Comment est-on arrivé à cette situation presque paradoxale ?
Replongeons-nous en 1973. Patricia Hearst est une jeune fille de 19 ans qui vit avec son compagnon sur le campus de l’université de Berkeley au moment de son kidnapping. Si elle est enlevée ce jour-là, c’est parce qu’elle est issue d’une famille très riche : son grand-père se nomme William Randolph Hearst, celui auquel est consacré Citizen Kane, le film d’Orson Welles. Il a été au début du 20e siècle le rival de Pulitzer, le fondateur de la presse populaire.

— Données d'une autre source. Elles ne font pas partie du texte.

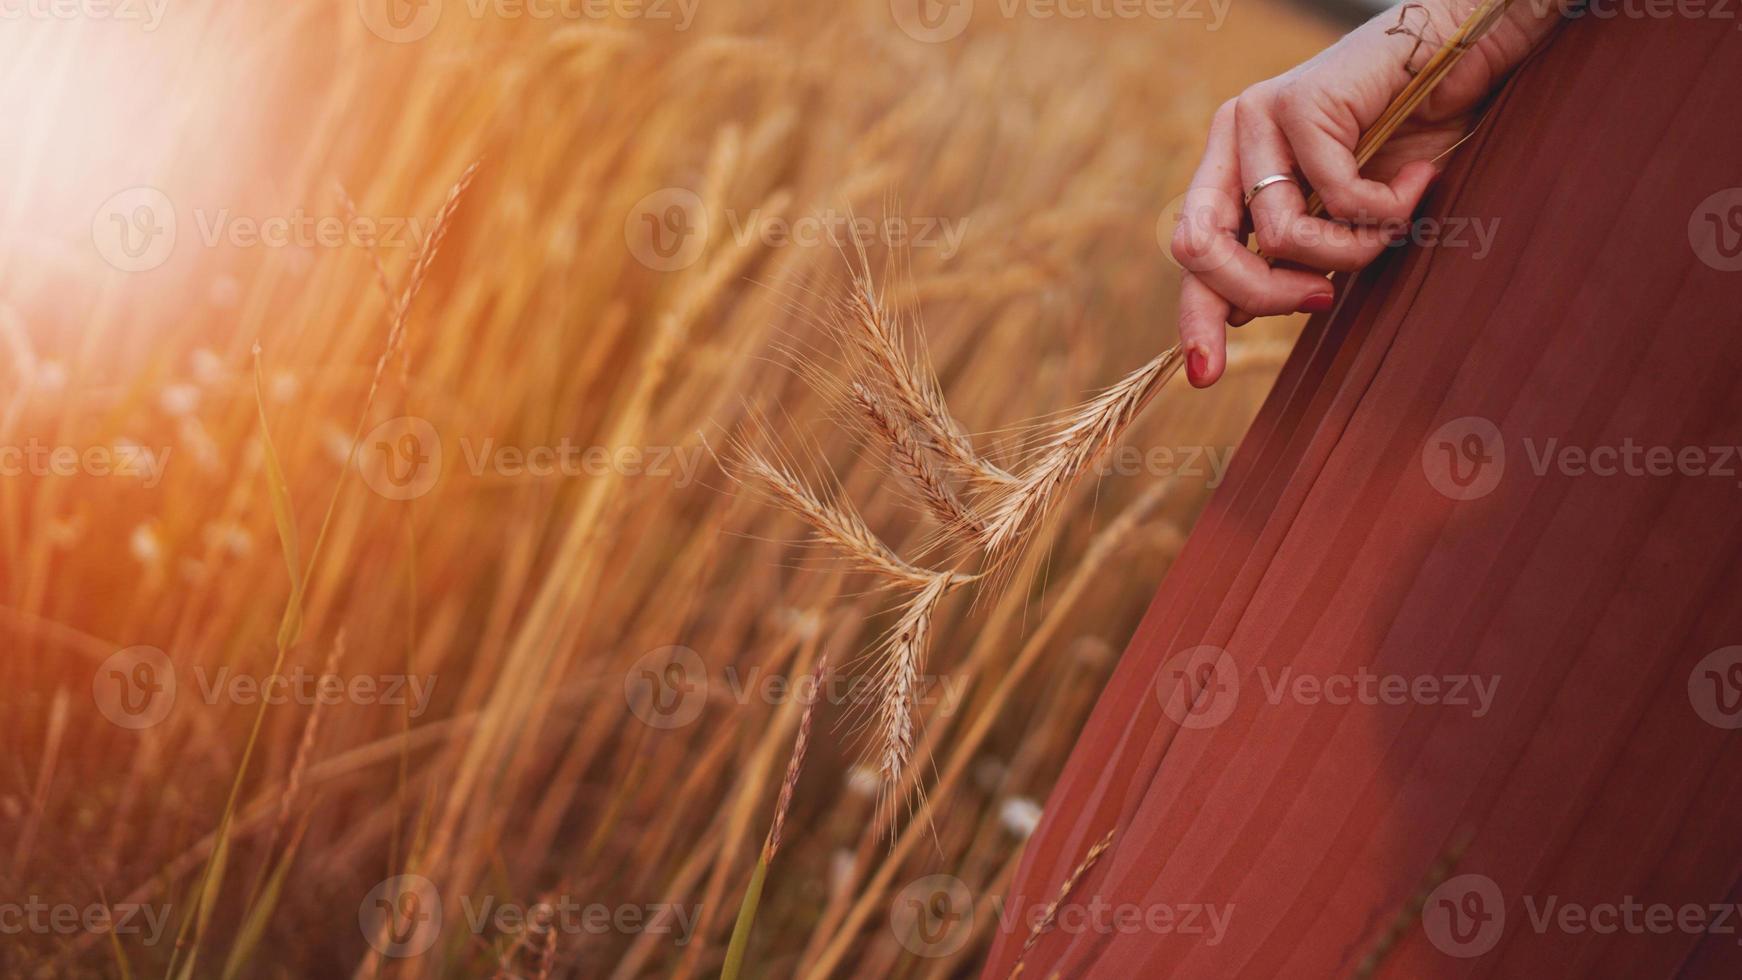 donna in un campo di grano, donna tiene in mano una spiga di grano foto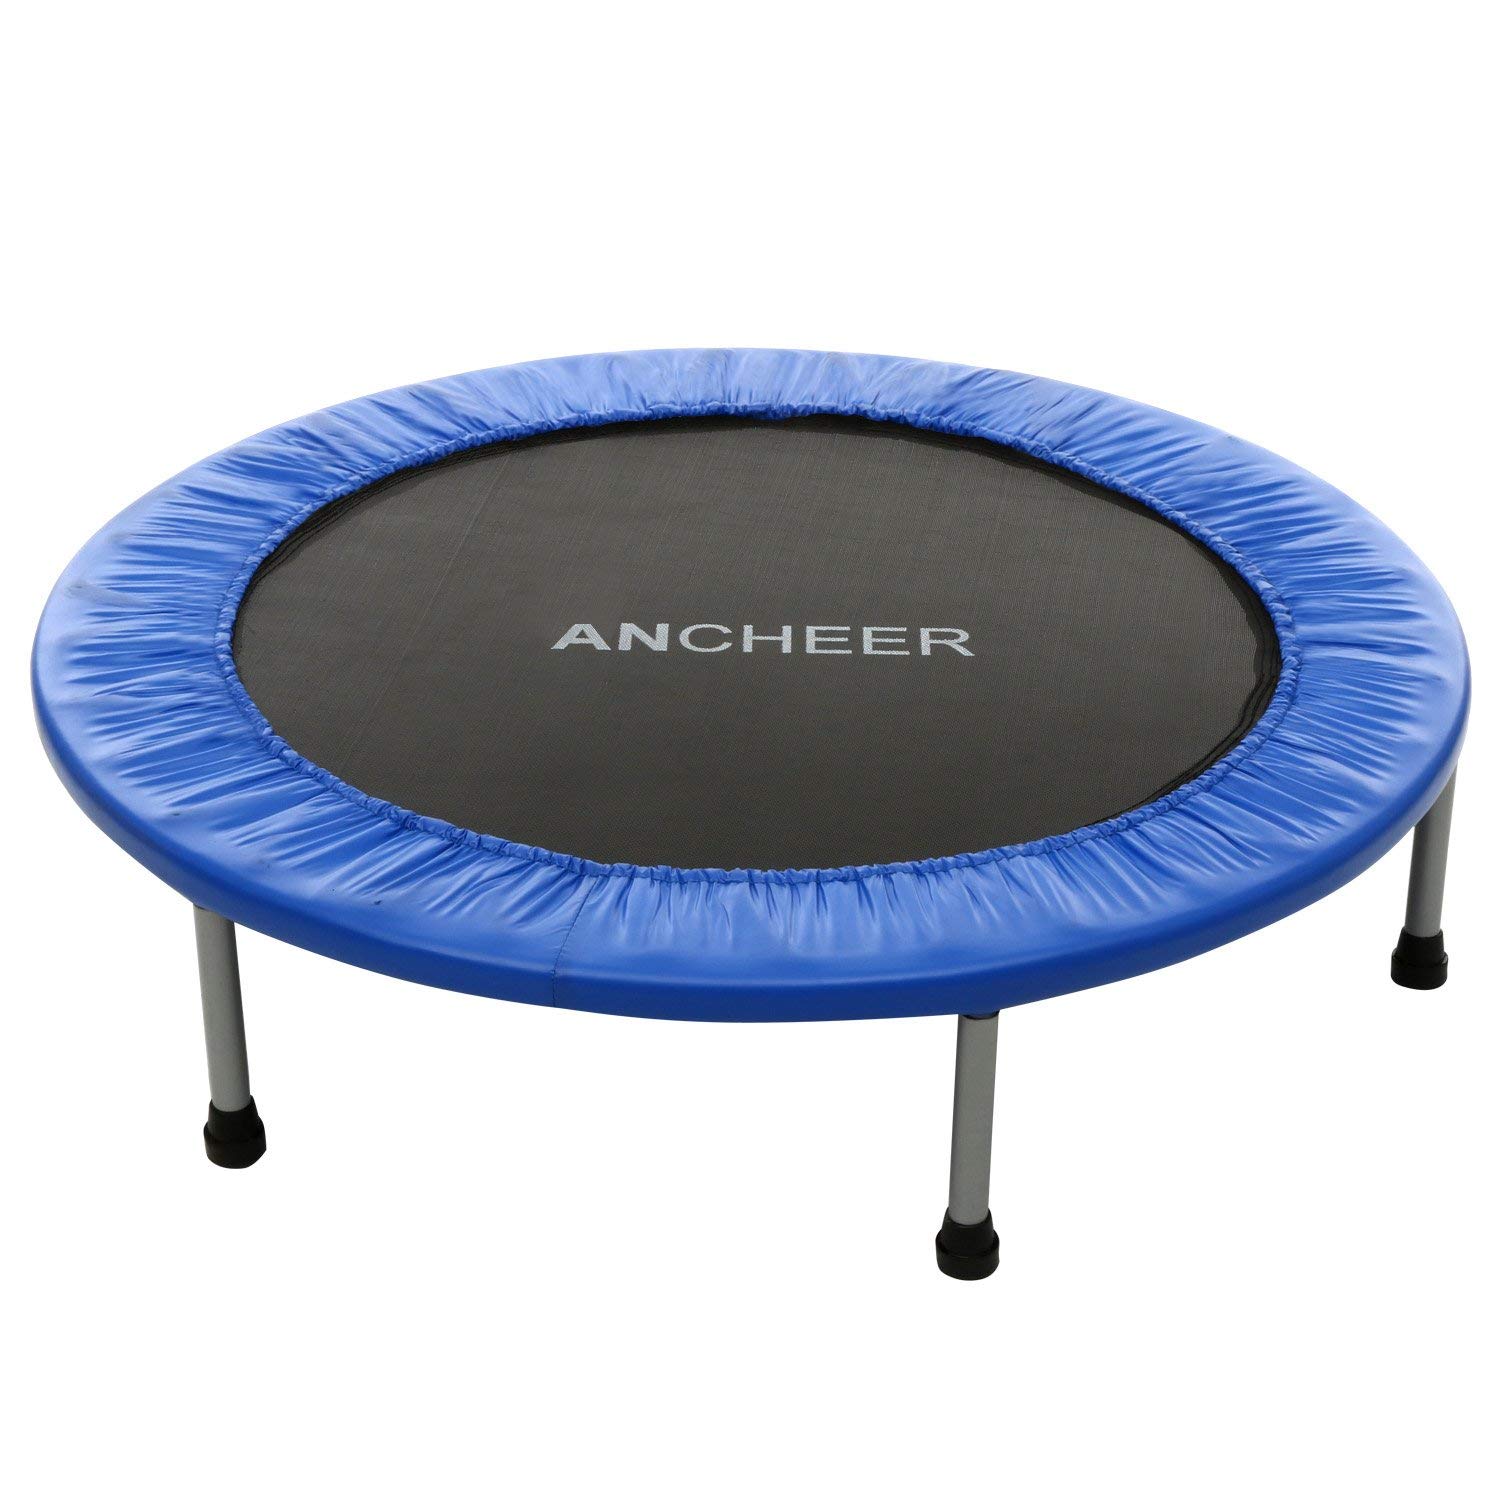 ANCHEER Rebounder Trampoline

Autrement dit, vu son pedigree, son kidnapping fait déjà la une des journaux. Mais l’affaire sort encore plus de l’ordinaire vu les raisons de ce kidnapping. Les ravisseurs portent le nom étrange d’armée de libération symbionaise. Symbionaise, de symbiose, qui en biologie désigne une interaction entre deux espèces différentes. L’idée sous-jacente serait celle d’une interaction positive entre les races. Son fondateur est noir, mais c’est le seul noir du groupe, il s’est évadé de prison où il a côtoyé des membres du Black Power. Le groupe prône la lutte armée. Il fait parvenir régulièrement des cassettes audios où l’on entend Patricia Hearst dire par exemple ceci : "Maman, papa, je vais bien. Je suis avec une unité de combat qui a des armes automatiques. Ces gens ne sont pas à côté de la plaque. Ils sont prêts à mourir pour ce qu’ils font et j’espère que tu vas le faire ce qu’ils disent papa, et que tu vas le faire rapidement". Les revendications de cette Armée de libération symbionaise sont dirigées vers la population marginalisée. Elle veut que le père Hearst distribue une aide à tous les démunis de Californie : l’équivalent de 70 dollars pour chacun d’entre eux, soit plusieurs millions de personnes. Cela paraît compliqué à réaliser. Le père de Patricia Hearst s’y essaie. Des camions chargés de nourriture partent pour distribuer une aide alimentaire. Mais c’est un désastre organisationnel et la plupart du temps les camions reviennent avec l’essentiel de leur marchandise.